• [Exercise description]
Lines with the string "Which" must each be copied from the listing.

[Opening Data extracts section]

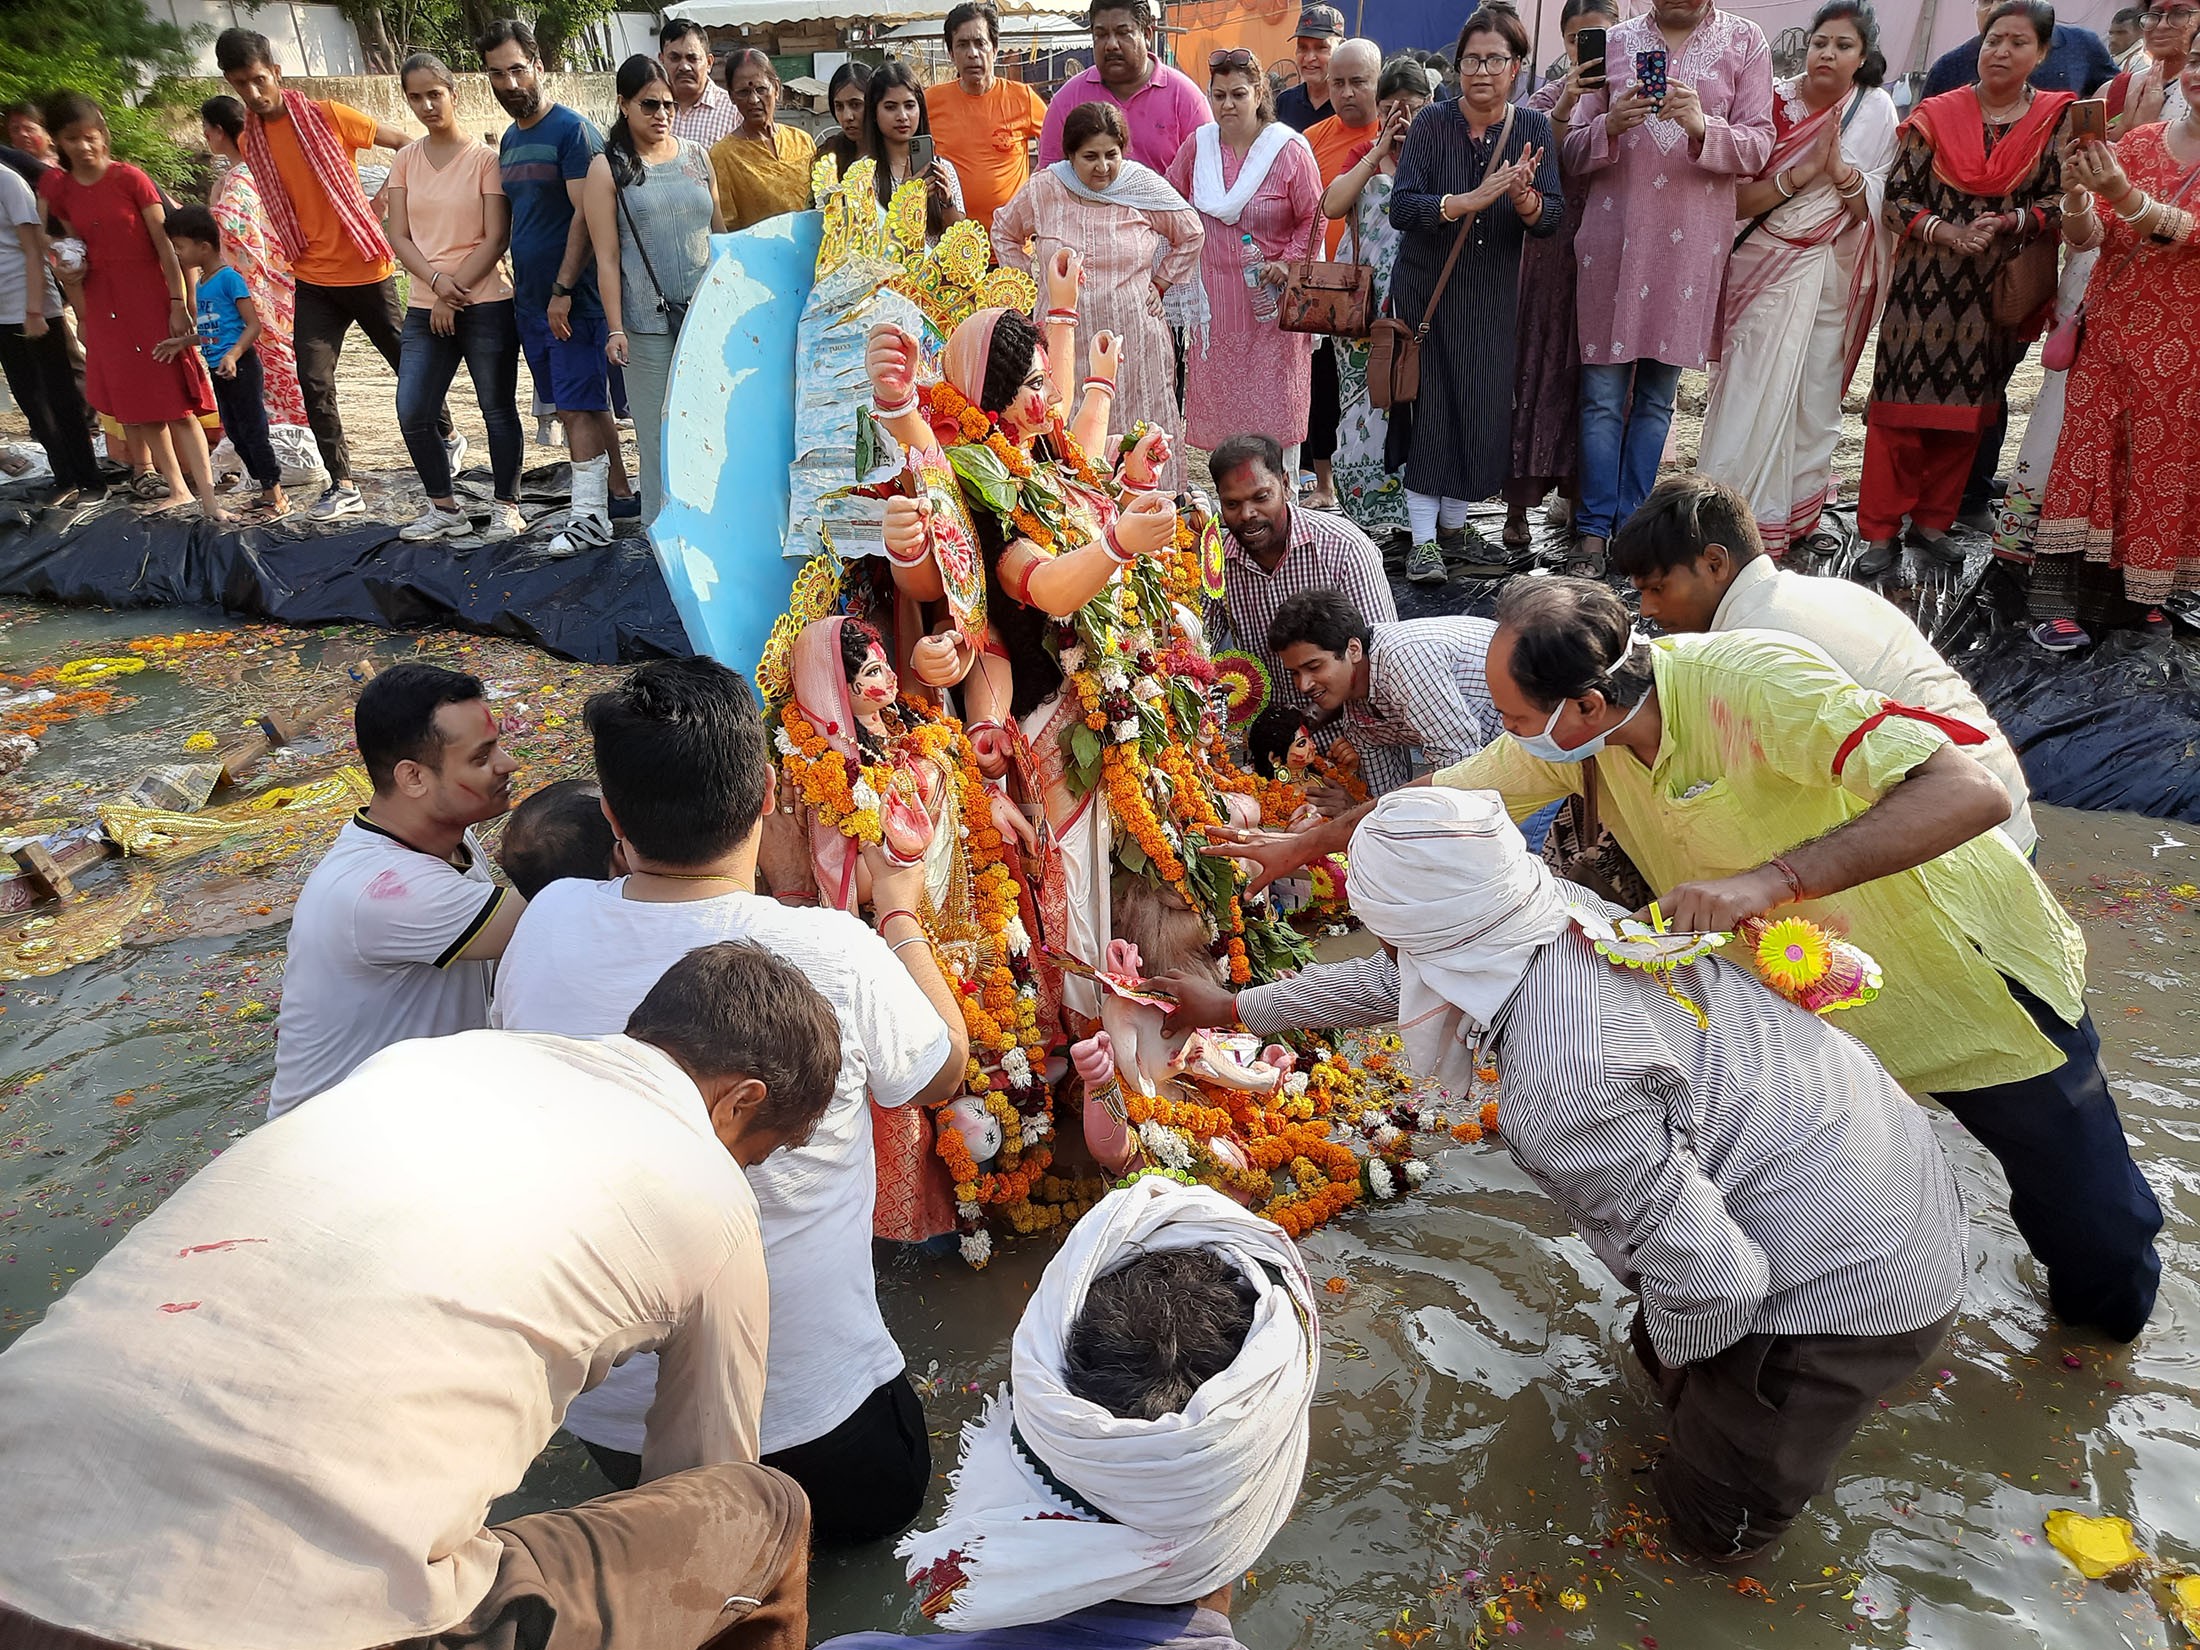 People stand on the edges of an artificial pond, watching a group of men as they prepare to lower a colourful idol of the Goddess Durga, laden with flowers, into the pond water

[Closing Data extracts section]
[Opening Data extracts section]

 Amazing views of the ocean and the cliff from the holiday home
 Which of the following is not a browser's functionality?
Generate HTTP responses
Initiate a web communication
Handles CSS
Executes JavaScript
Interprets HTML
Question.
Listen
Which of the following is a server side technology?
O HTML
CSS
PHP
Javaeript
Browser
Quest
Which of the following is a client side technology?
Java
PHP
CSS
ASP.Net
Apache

[Closing Data extracts section]

• [Solved problem]
 Which of the following is not a browser's functionality?
Which of the following is a server side technology?
Which of the following is a client side technology?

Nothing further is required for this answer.